There's no way I'm going to come to Madison without thinking about what happened there and the struggles that have been going on there. I'll probably be in town the day before, because of the way the tour is. I'll have a bit of a chance to talk to people. Hopefully, I'll be able to focus what I'm doing about Woody and what I'm doing about Billy Bragg to come up with something special for Madison.
So you're never tempted to just hole up in your hotel room when you're on tour?
Hotel rooms are just so boring, mate. I have an imaginary dog that I take for a walk. In the old days, it used to be trying to find an Internet cafe, because they always tended to be in the groovy part of town. I seem to remember I had to go in the public library in Madison, or maybe the university, when I was there last time. I always try to engage.
People are talking about what's happening in Madison all over. I'm sure I'll be getting updated as I get closer.
But are there Guthrie songs that you find too important to leave out of the set?
One of his songs that I didn't write, one of his classic songs that I'm playing, [is] "I Ain't Got No Home in This World Anymore." A more prescient song I'd be hard-pressed to find now. The fact that it's over 70 years old doesn't dim its important relevance to where we are now. When it talks about people losing their homes to the banks, people having to break up their families to look for work, people dying for want of proper health care, it's very pertinent in the United States of America.

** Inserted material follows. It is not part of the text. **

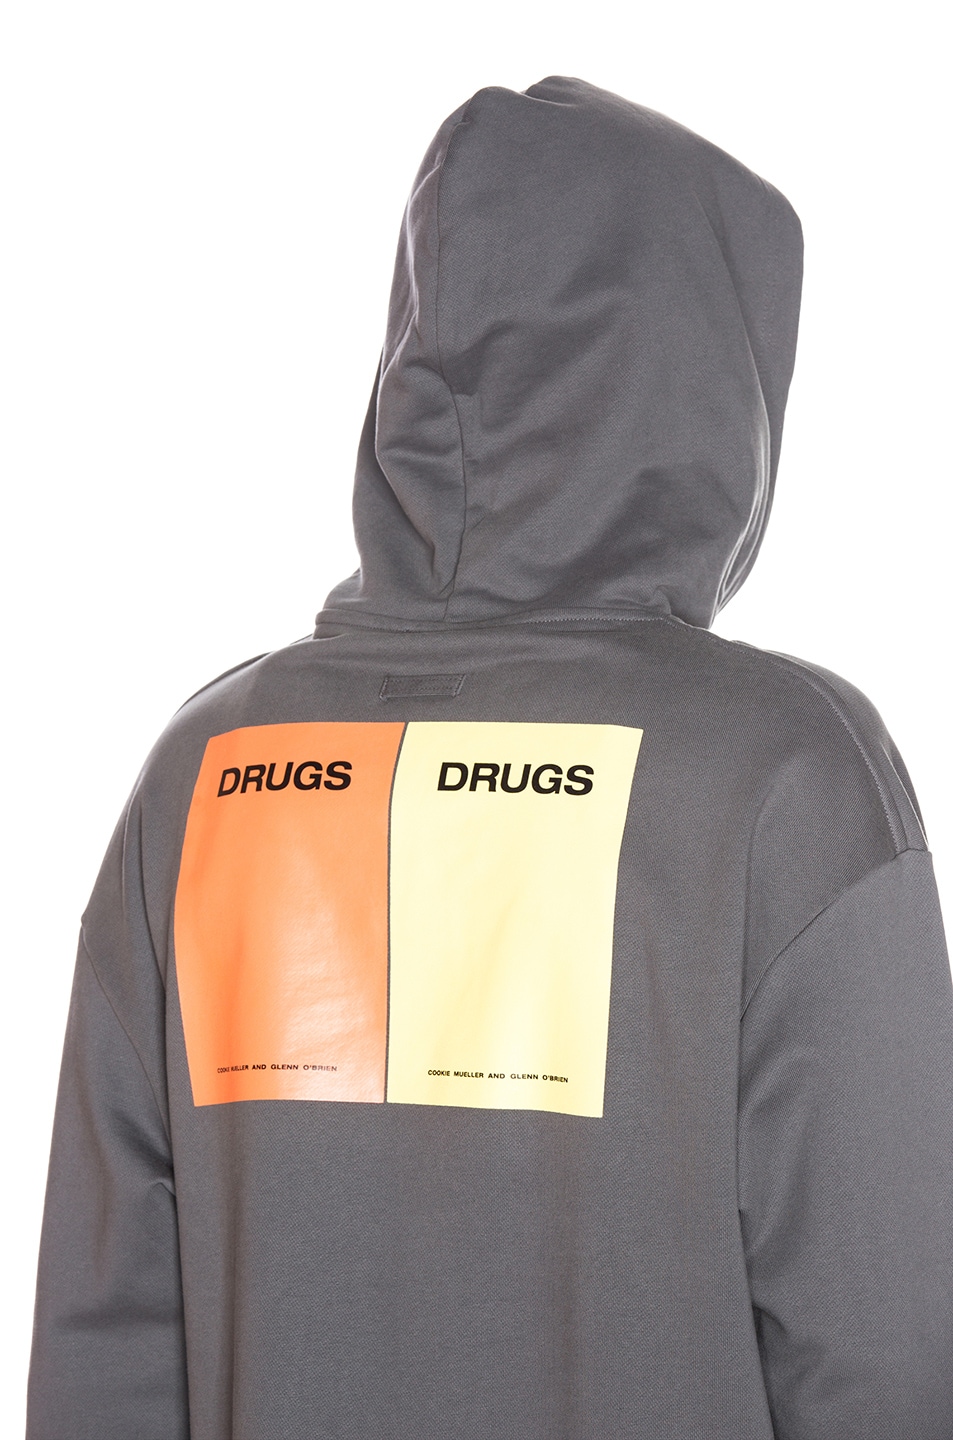 raf simons drugs sweatshirt
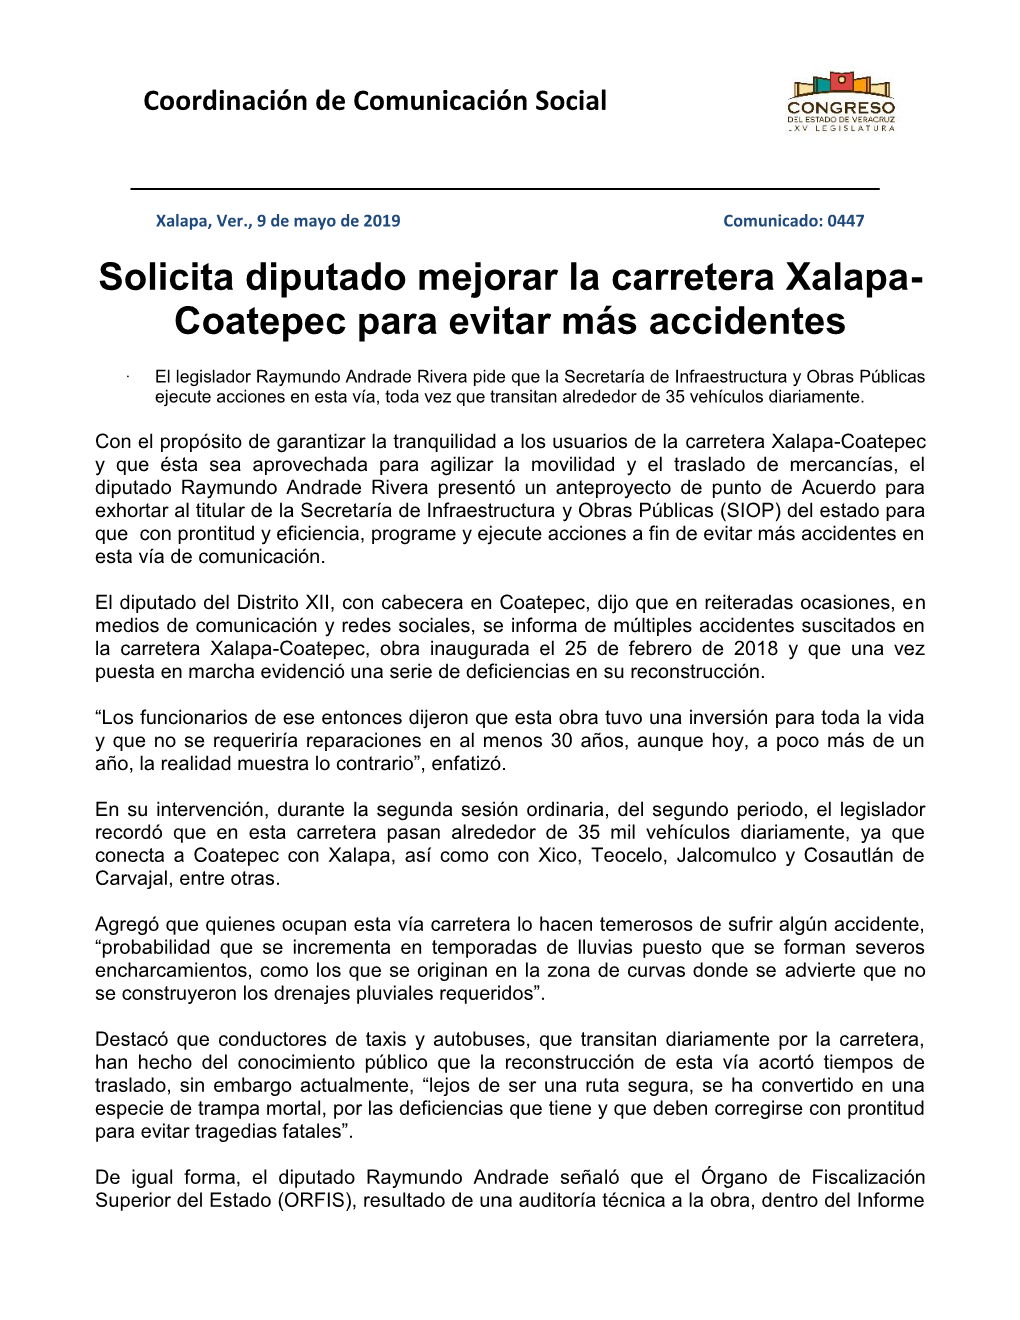 Solicita Diputado Mejorar La Carretera Xalapa- Coatepec Para Evitar Más Accidentes

I've been playing that every night for the last 18 months, two years. Never mind Mermaid Avenue. Some nights I don't play any Mermaid Avenue, but I play that. Woody's always present in my set.
Of your own songs, is "To Have and Have Not" in your set a lot lately? It's got this sense of economic division, but more importantly, it's about the apprehension of a young person going out into the world.
One-hundred percent yeah. That's an example of pre-ideological Billy Bragg, when I was sort of writing with a less political eye, really. That was a very, very personal song. But also, again, it still resonates, and it has been in the set of late. I don't want you to think it's all politics. I am singing a lot of soppy love songs, too.